Otro inconveniente que tenía ese refugio era que cada vez que la pequeña de cinco años quería ir al baño tenía que bajar al primer piso y pasar por el café: “Una vez bajamos con mi papá y estaba lleno el café de soldados alemanes. Y cuando me vieron rubia, niñita chica, se volvieron locos, y decían: ‘tengo una hija como ella’. Mira, les bajó todo el amor. Me tomaron sobre sus rodillas, me dieron dulces. Y mi papá que se hacía el francés, que tenía una boina y todo, escuchaba todo esto. Al final, mis papás decidieron que lo mejor era sacarme de ahí y averiguaron del internado de señoritas en Lourdes”.

“MEJOR CATÓLICA VIVA, QUE JUDÍA MUERTA”

“Es que las monjas no pueden mentir”, dice Suzanne para explicar cómo fue que se dio su bautismo dentro de la fe católica a los cuatro años de edad.

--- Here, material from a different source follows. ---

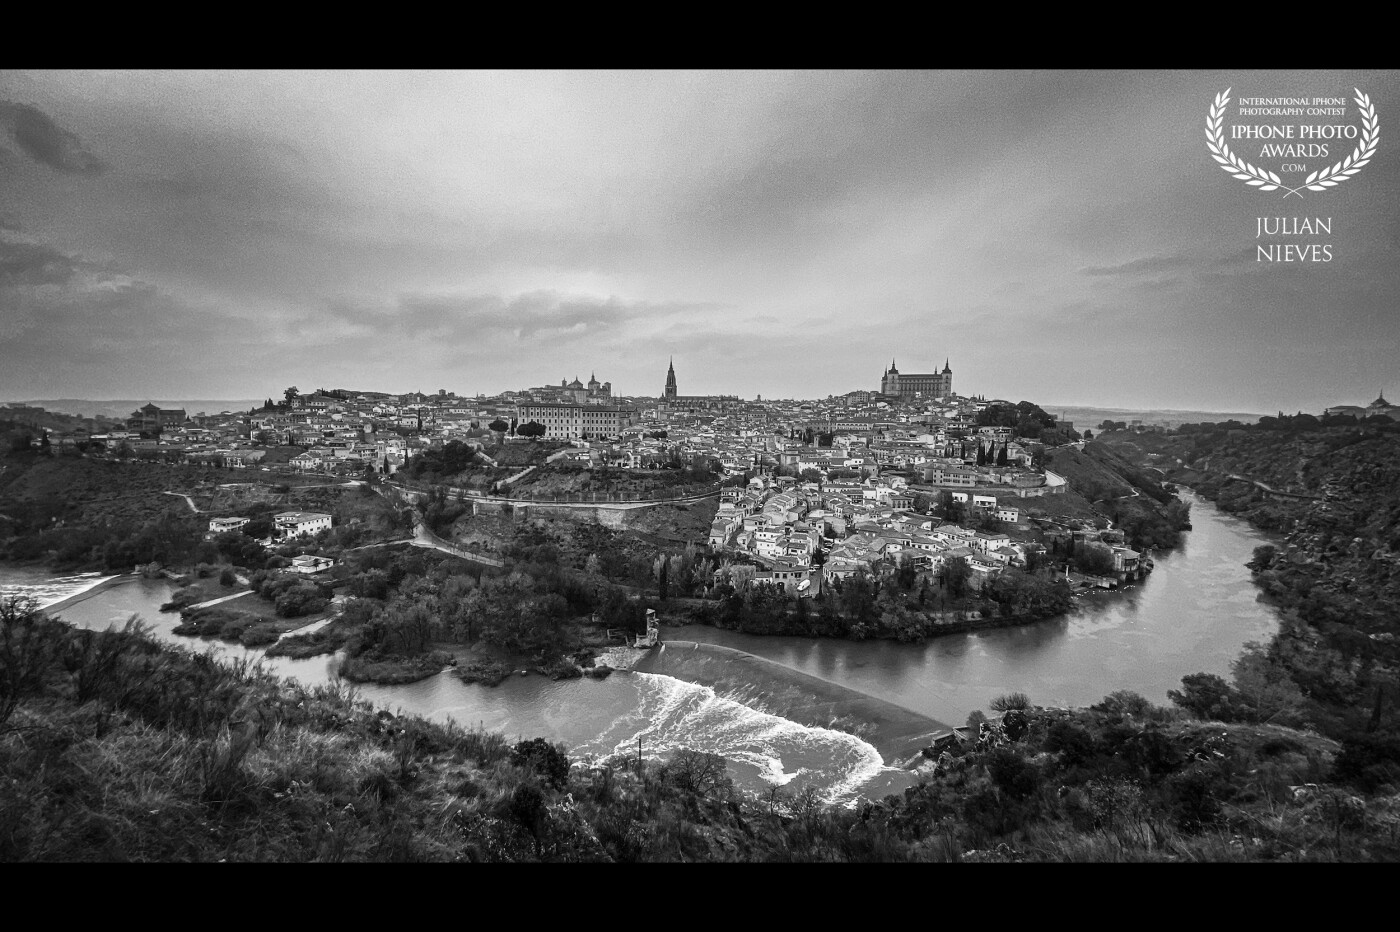 Una imagen panorámica de la ciudad de las 3 culturas "Toledo", imagen realizada desde uno de los lugares más privilegiados para poder observar la majestuosidad desde el mirador situado en una carretera que rodea el rio Tajo.

–Mis papás fueron a preguntar si es que me podían recibir como interna en Lourdes y ellas dijeron que sí, que no había problema, pero que tenía que bautizarme porque si llegaban los alemanes preguntando si había niños judíos ellas no podían mentir. Y “bueno”, dijo mi papá, “mejor una católica viva, que una judía muerta”.

Suzanne recuerda que sus años como interna fueron muy difíciles. Por un lado estaban las dificultades económicas de la guerra que golpeaban a un país ocupado: “No había qué comer. Donde las monjas comíamos sopa, sopa, sopa y ensalada. No me acuerdo de haber comido pollo o carne. Odiaba la sopa porque era sopa de verduras”.

Pero más importante aún, estaban las enfermedades que no daban tregua sobre el frágil cuerpo de una niña separada de sus padres por motivos que ella no lograba del todo entender. “Todas las enfermedades de niño yo me las agarré; la peste cristal, la alfombrilla, todas”, puntualiza.

–¿Pero se enfermaban todos?

–No sé. Pero a mí me pasaba y me mandaban donde mi mamá que estaba como a 10 kilómetros, y me curaba. Y cuando venía mi mamá en tren, ella era la que me bañaba, porque las monjas te lavaban la punta de la nariz. Mi mamá venía una vez a la semana, pedía agua caliente y me bañaba bien.

–¿Crees que las enfermedades tenían que ver con el factor emocional de extrañar a tus papás?

–Creo que me agarraba todo. Incluso mojaba la cama y me decían “si tú mojas la cama esta noche, te vamos a pasear por todo el mundo con la sábana en la cabeza”. Igual lo hacía. A los cinco o seis años qué querían. Era la más chica de todas. En Lourdes todas eran más grandes yo.

–¿Querías estar con tus papás?

–Sí, es que uno sentía que no era una vida normal. Es que también una vez vi a mi mamá con una mueca de amargura tan grande, que en el fondo uno sentía que no era una vida normal. A veces mi mamá no podía venir y entonces íbamos a misa, había que levantarse a las seis de la mañana para ir a la misa y ¿quieres que te diga? Me gustaba la misa. Era entretenido. Teníamos nuestro banco en primera fila, me encantaba ver al cura haciendo sus cosas y los monaguillos. Era como un espectáculo estar ahí.